It was around midnight when a little dog darted out in front of Dr. Abigail Marsh’s car.

She swerved to avoid it, sending her car into a spin across the freeway until it finally came to a stop in the fast lane.

In a daze, she realized that someone was knocking on her passenger-side door, asking her if she needed help. Yes, she did. And with her permission, he hopped into her car, gunned it across the freeway, and parked behind his own vehicle. Then he hopped back into his car and drove off, leaving Dr. Marsh, a Georgetown University Professor of Psychology, wondering this:

Why would somebody risk his life to help a stranger when there was clearly no possibility of a payoff at all?

This article contains:

  • What is Prosocial Behavior: 2 Theories in Psychology
  • 3 Real-Life Examples of Prosocial Behavior
  • 4 Thought-Provoking Findings and Experiments
  • Prosocial Behavior in Child Development
  • 2 Ways To Increase Prosocial Behavior
  • 3 Helpful Activities
  • Assessing Prosociality: Questionnaire & Scales
  • Prosocial Behavior, Antisocial Behavior, and Altruism
  • Relevant PositivePsychology.com Resources
  • A Take-Home Message
  • References

What is Prosocial Behavior: 2 Theories in Psychology

Prosocial Behavior is any behavior that is intended to benefit another person or persons (Dunfield, 2014). Examples include volunteer work, donating money, or helping a neighbor move a heavy item of furniture. The most striking type of Prosocial Behavior is altruism, where a person takes on a cost to help another person with no expectation or possibility of receiving a benefit in return.

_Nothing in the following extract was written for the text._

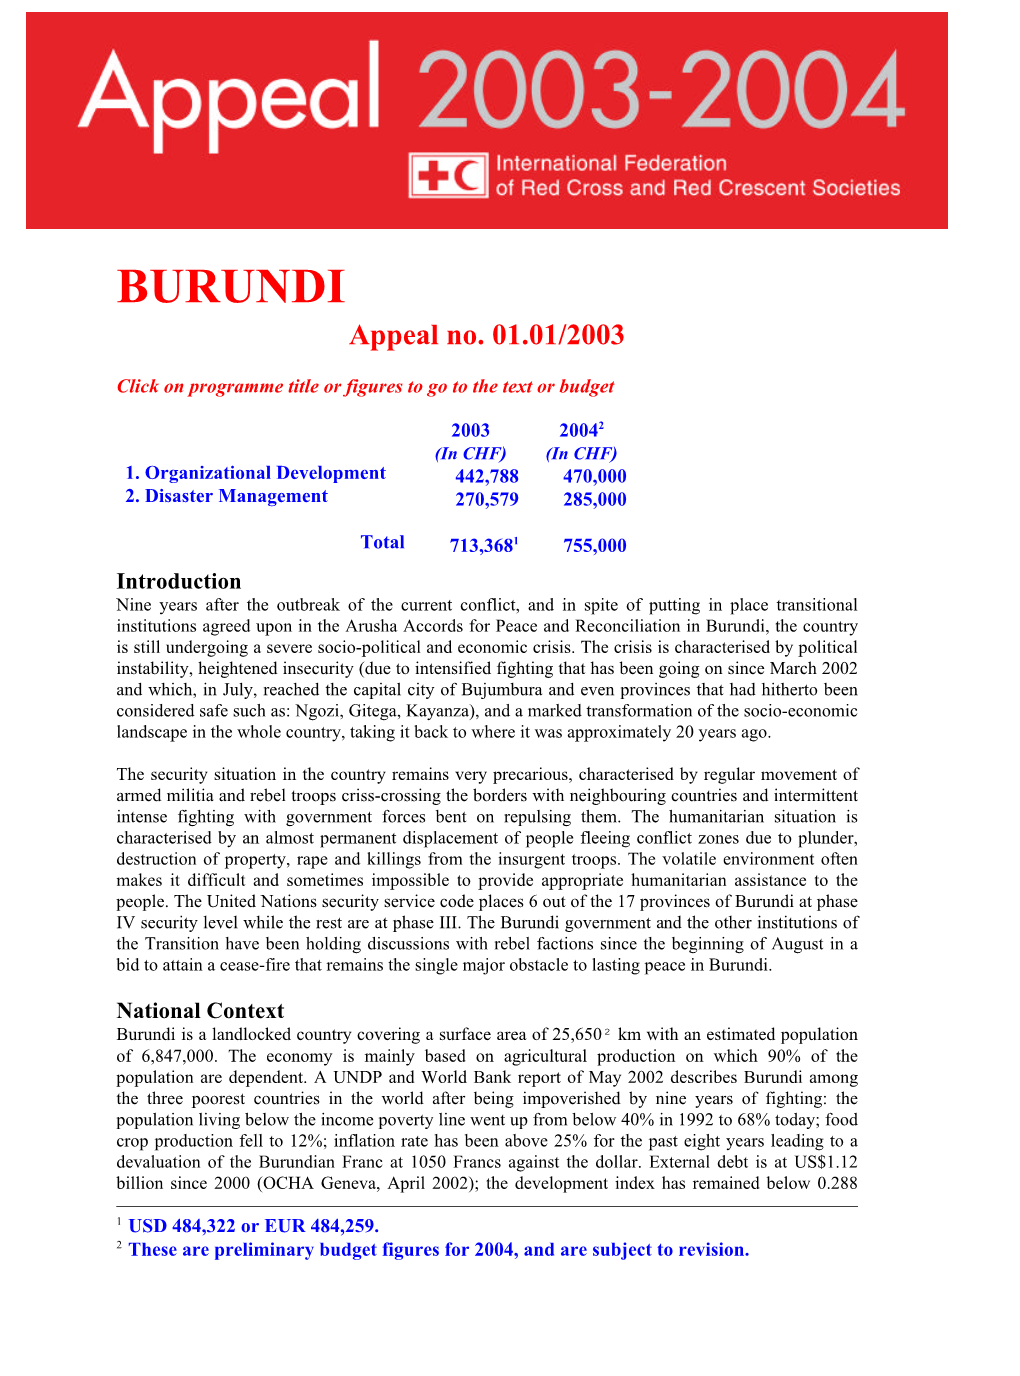 BURUNDI Appeal No

This is what Dr. Marsh experienced from the anonymous driver who put in time and effort to help her to safety and asked for no compensation in return.

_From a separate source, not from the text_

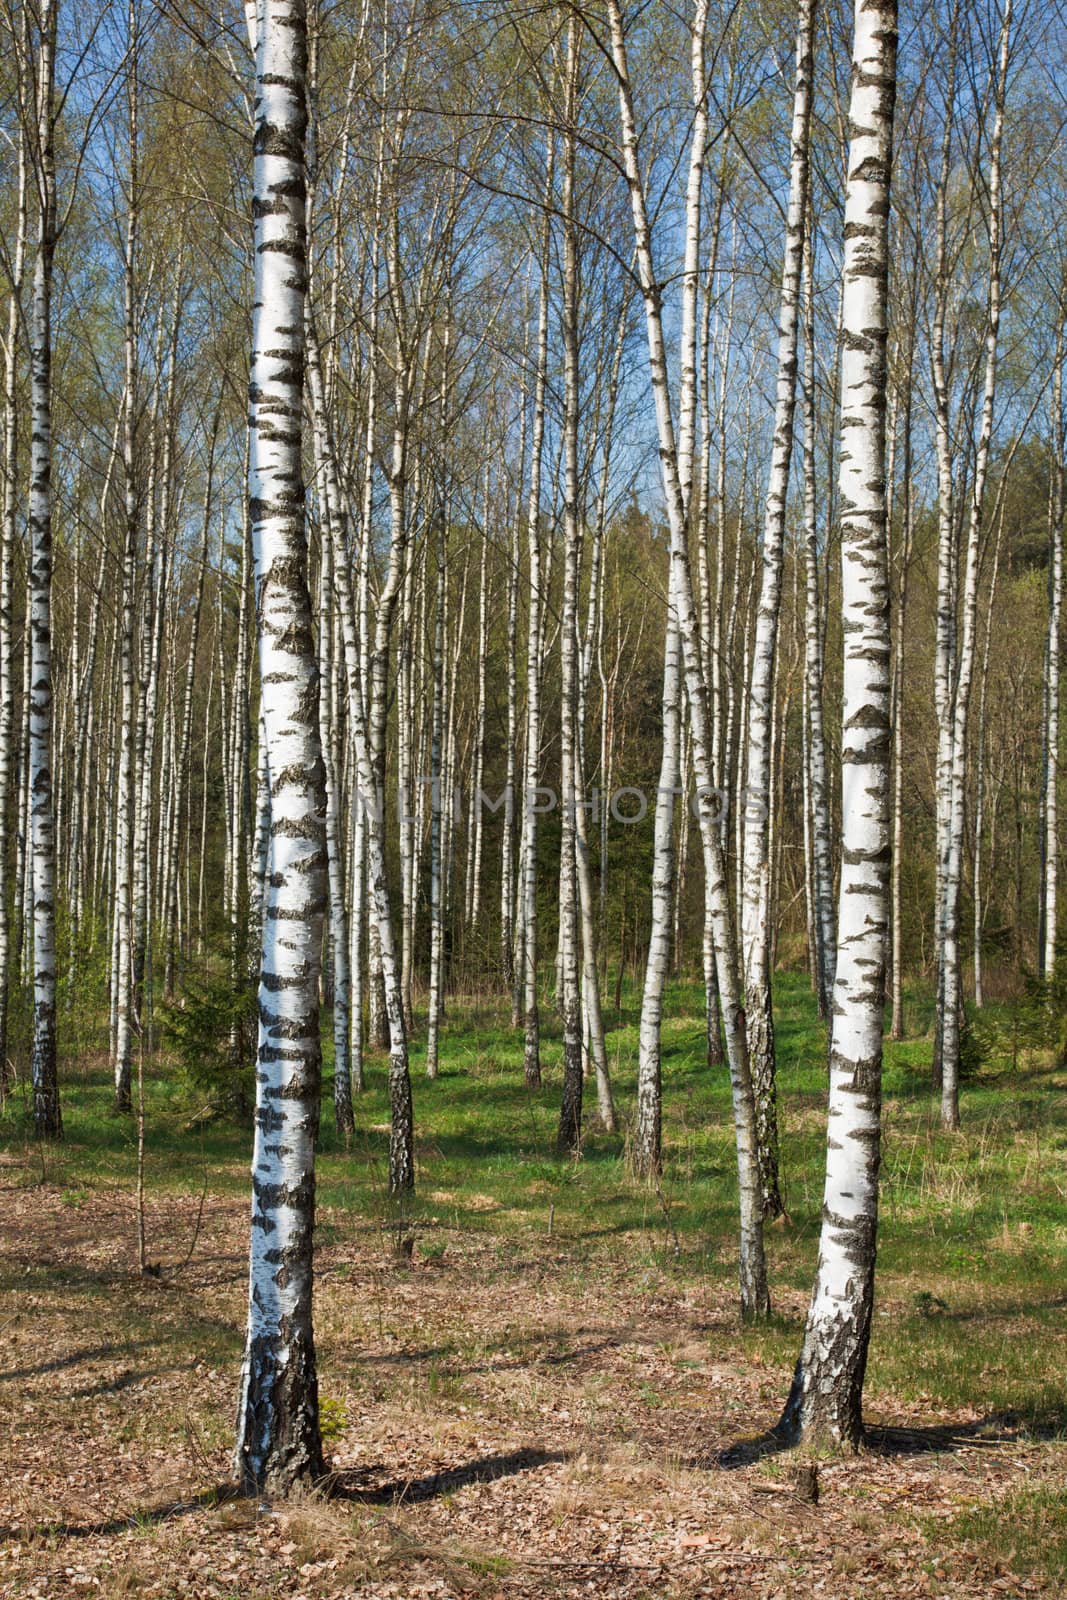 Birch grove in spring

When you engage in prosocial behavior, the goal of your behavior is to address another person’s needs. Generally speaking, people’s needs fall into three categories:

  • Instrumental need, where an individual experiences difficulty achieving a goal on their own;
  • unmet desire, in which the individual does not have access to a required resource; and
  • emotional distress, such as grief or loneliness.

When you help a person reach a goal, share your resources, or provide comfort, you are engaging in prosocial behavior.

Scientists and philosophers have proposed numerous theories to explain the paradox of prosocial behavior: Why do people willingly impose costs on themselves to benefit others rather than focusing solely on benefiting themselves?

Theoretical explanations of prosocial behavior fall into two broadly defined categories. The first category contains evolution-based theories which explain prosocial behavior as adaptations to the pressures inherent in social living:

Kin Selection theory explains why you are more likely to help genetic relatives than friends or strangers: If you help people who share genes with you, you increase their chances of survival, and hence you ensure that your genes remain (or increase) in the gene pool (Hamilton, 1963, 1964).

Reciprocal Altruism theory points out that helping non-kin can also be adaptive if the recipients of your generosity can be relied upon to reciprocate help when you need it (Trivers, 1971).

Scientists Robert Axelrod and William Hamilton (1981) summarized prosocial behavior in the natural world this way:

The theory of evolution is based on the struggle for life and the survival of the fittest. Yet cooperation is common between members of the same species and even between members of different species.

The second broad category of theories includes those that attribute prosocial tendencies to individual differences in social learning experiences, mood, and ability to empathize (Bierhoff, 2005).

For example, a large meta-analysis of data drawn from multiple studies found that the strongest predictor of prosocial behavior is the ability to empathize with feelings and viewpoints of other people (Bierhoff, Klein and Kramp, 1991).

Other studies have found that children and adults are more willing to help or share with others when they are in a happy mood than when they are in a neutral or negative mood (Rosenhan, Underwood & Moore, 1974).

3 Real-Life Examples of Prosocial Behavior

Most social species exhibit a distinct preference for helping relatives over non-related individuals, but also frequently extend prosocial behavior to strangers.

For example, rats will work a latch to free a trapped rat or rescue a drowning one, even when turning their backs instead would allow them to obtain a tasty reward (Sato, Tan, Tate, & Okada, 2015).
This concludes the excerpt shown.